CRIME

Police: Phone scams in Jan-Feb tripled y-o-y

Three to four times more telephone scams have been recorded in the first two months of this year than the same period last year, Sit Chong Meng, director of the Judiciary Police (PJ), said over the weekend.

Sit made the disclosure on the sidelines of a crime mitigation event, at which he had announced in his speech that these crimes had soared in number during the said period, accounting to over MOP17.6 million in losses.

He described the scenario as “concerning and regrettable.”

In the first two months, 39 such scams have been recorded, in which 17 university students fell victims. Their total reported loss amounted to MOP2.5 million.

The police department head recapped the strategy of “Prevent, Retrieve, Strike”, saying that negotiations have been constant with various industries, particularly the banking sector, to address the crimes.

Referring to the payment suspension mechanism – co-introduced by the police and the banking sector – Sit said that it has become increasingly effective.
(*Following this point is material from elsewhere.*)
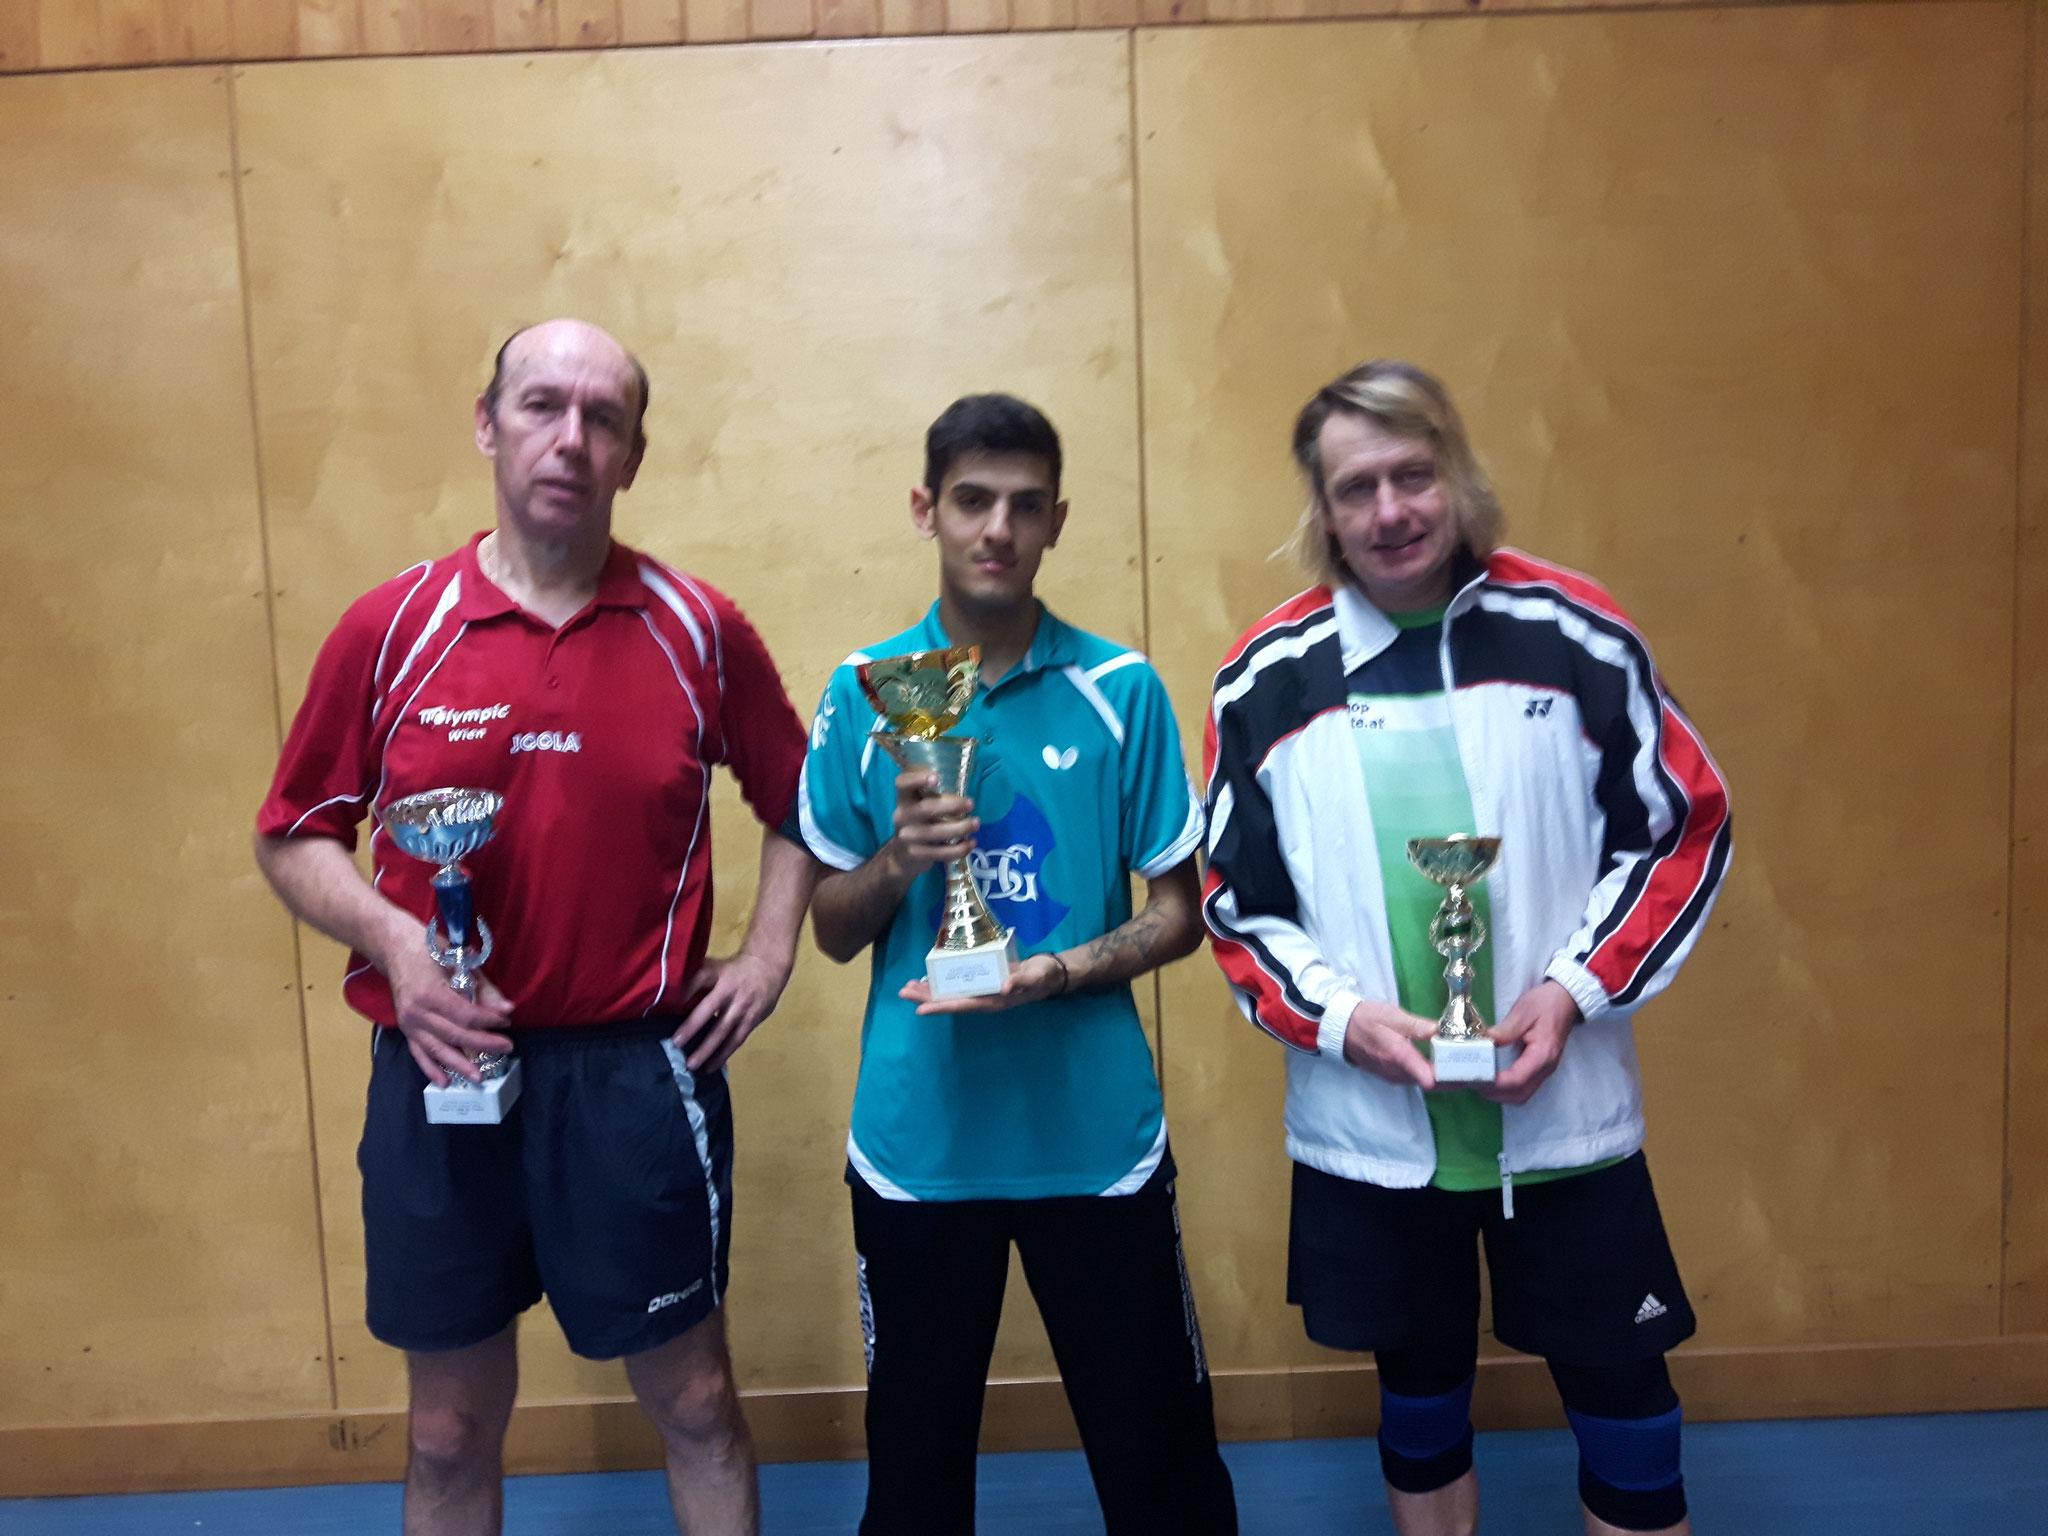 Siegerfoto Bewerb A: v.l.n.r. Jaroslaw Gaborcik (OLY) (Platz 2), Ugljesa Lukic (Sieger), Peter Fichte (HALL) (Platz 3)

Since its introduction in 2017, the mechanism has prevented the loss of MOP8 million in 46 fraud cases.

In addition, a suspicion remittance negotiation measure that was introduced in 2019 has so far prevented MOP12 million in losses across 80 cases. The measure relies on bank tellers advising customers to think twice when the latter requests remittances to non-Macau bank accounts.

A further step following this last is the prompt persuasion message. Sit explained that remittance over mobile app has become more popular but there is no bank teller on the app.

Therefore, the banking sector has induced prompt messages to the app. When a user tries to transfer MOP30,000 or more to non-Macau accounts, a prompt message will appear to remind the user about phone scams.

From October last year until now, the digital measure has been used on remittances amounts of MOP17 million.

Seminar sessions on scam mitigation have also been staged at local higher education institutions, Sit added.

Recently, data from the government showed that he Covid-19 pandemic and related border restrictions that kept Macau from the world caused a sharp decrease in crimes reported over the last three years and, particularly, in 2022 when the total number of crimes reported dropped some 13.9%.

During the pandemic and when border restrictions were in force, the crime figures were lower than in 2019 when it reached 14,178 in total.